Security Bite: UX going open source is bad news for anonymous accounts

9to5Mac Security Bite is brought to you only Mosyle, the only Apple Unified Platform. Making Apple devices efficient and secure for business is what we do. Our unique integrated approach to management and security combines Apple’s modern security solutions with self-enforcement and fully automated compliance, Next Generation EDR, AI-powered Zero Trust, and exclusive Rights Management with the most powerful and modern Apple MDM on the market. The result is an automated Apple Unified Platform that is now trusted by more than 45,000 organizations to make millions of Apple devices work effortlessly and affordably. Ask for your EXTRA TRIAL today and understand why Mosyle is everything you need to work with Apple.
Amidst a slew of EU fines imposed on X earlier this month, Elon Musk announced that the platform’s entire recommendation algorithm will be open source. It appears to be helping to cool the regulatory waters by shedding more light on how the social media giant organizes users’ timelines.
Often, IT professionals would see news about something happening open sourcethey smile and go on with their lives. But last week, I found an interesting thread on none other than X explaining how this move can expose anonymous accounts by using “behavioral fingerprinting”…

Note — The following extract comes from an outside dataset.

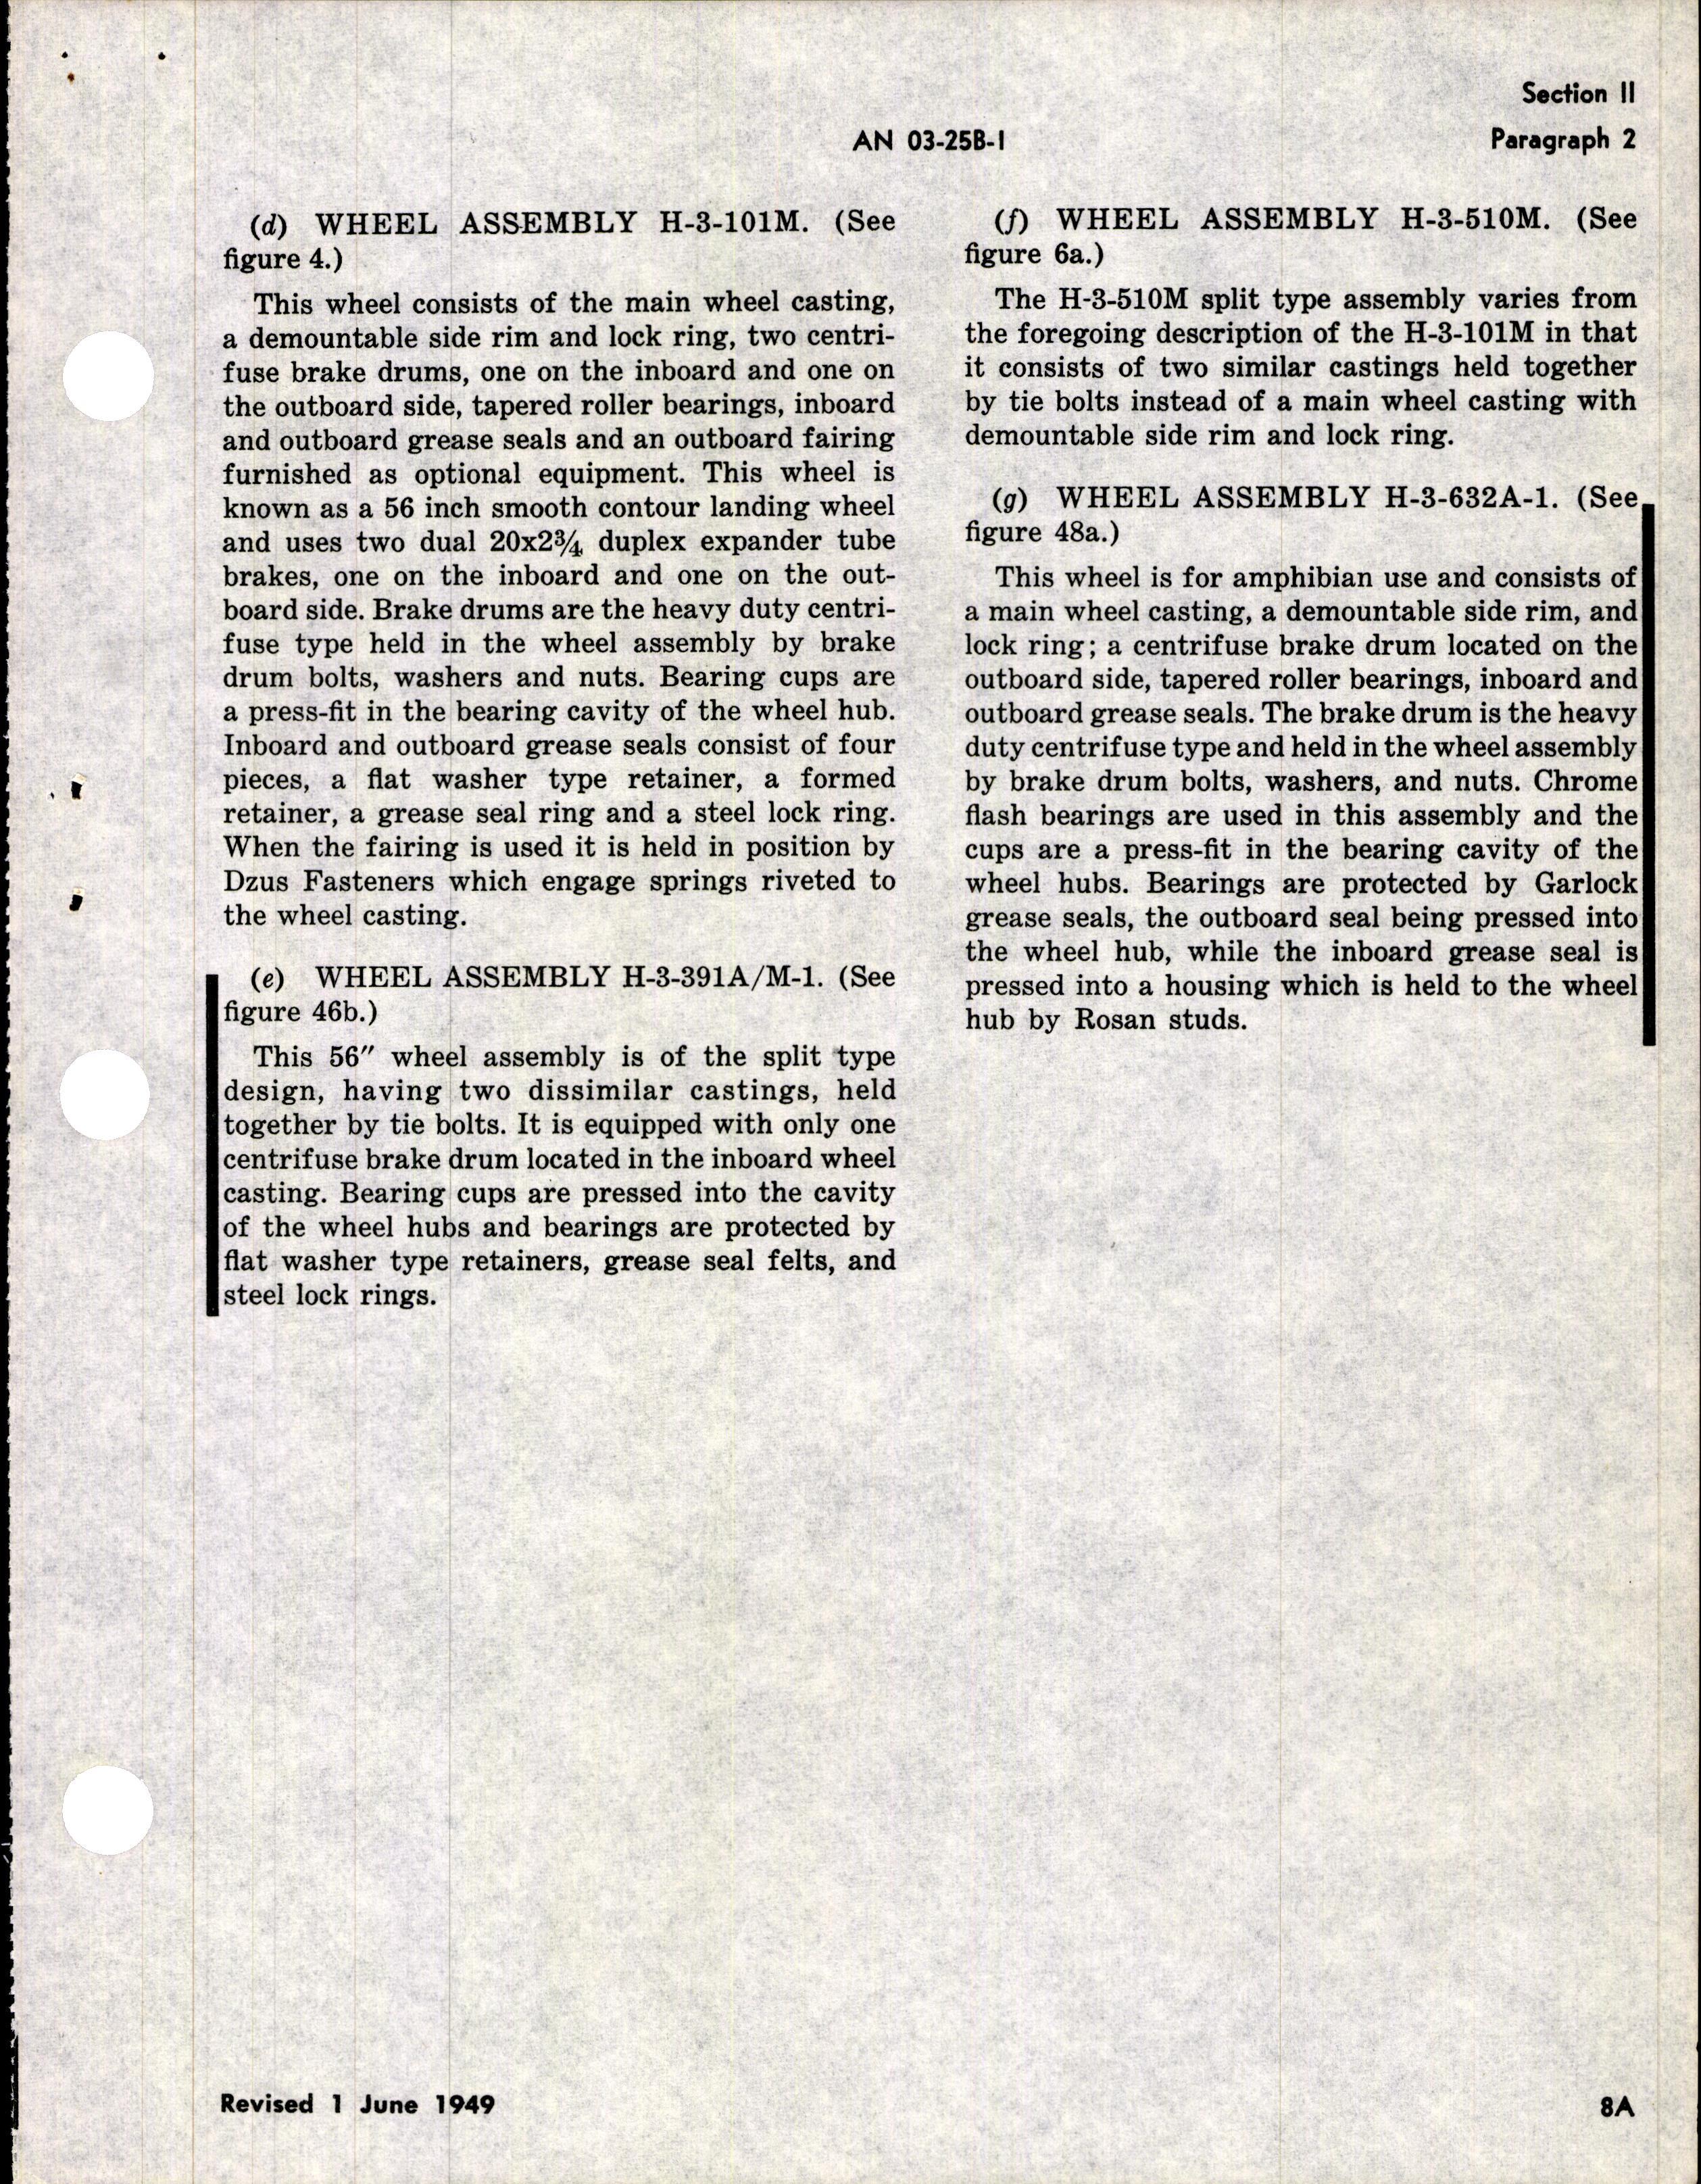 Sample page 5 from AirCorps Library document: Operation, Service, & Overhaul Instructions with Parts Catalog for Main Landing Wheels

An OSINT aficionado under the handle @Harrris0n on X recently posted about his findings while tinkering with the platform’s open source recommendation code. What he found is a little scary if you care about privacy or if you use a whole network of bot accounts.
Buried in X’s repo was something called “User Action Sequences.”
This is not just a log either. It is the core of the transformer that integrates all your behavior history on the platform. It tracks the specific milliseconds you pause to scroll, the type of accounts that caused the ban, the specific taste of your content, and the exact time you interact with it. It represents thousands of individual data points collected when you saw your first cat post.
Now, here’s where it gets interesting. UX uses this thread to predict engagement (basically offering more relevant content to keep you on the platform), while at the same time creating more reliable behavioral fingerprints.
Harrison found that if you apply this coding to a known account and compare it to thousands of unknown accounts using something the repo calls “Candidate Classification,” you get the same results. The matches are unusually high. He even laid out the specific recipe needed to build this name removal tool, and the barrier to entry here is very low.
According to his thread, all one needs is an action sequence encoder (recently provided by the X repo), an embedded match search, and a little luck (lol). The only missing piece for most people is training data for verified alt accounts, but Harrison notes that he still has that from years of stalking a threat actor.
In theory, you could map those behavioral fingerprints from a public X user to an anonymous, or possibly cross-platform, account on Reddit and Discord. It will show that you can easily change your username, but it is very difficult to change your habits.
So, is the heat account really unknown? I’ll let you decide.
I wanted to share this thread here on Security Bite because it’s a wonderful reminder that these algorithms often know you better than you do. And that digital version of you is still at risk.
Subscribe to the 9to5Mac Security Bite podcast for biweekly in-depth coverage and interviews with Apple’s leading security researchers and experts:


FTC: We use auto affiliate links to earn income. More.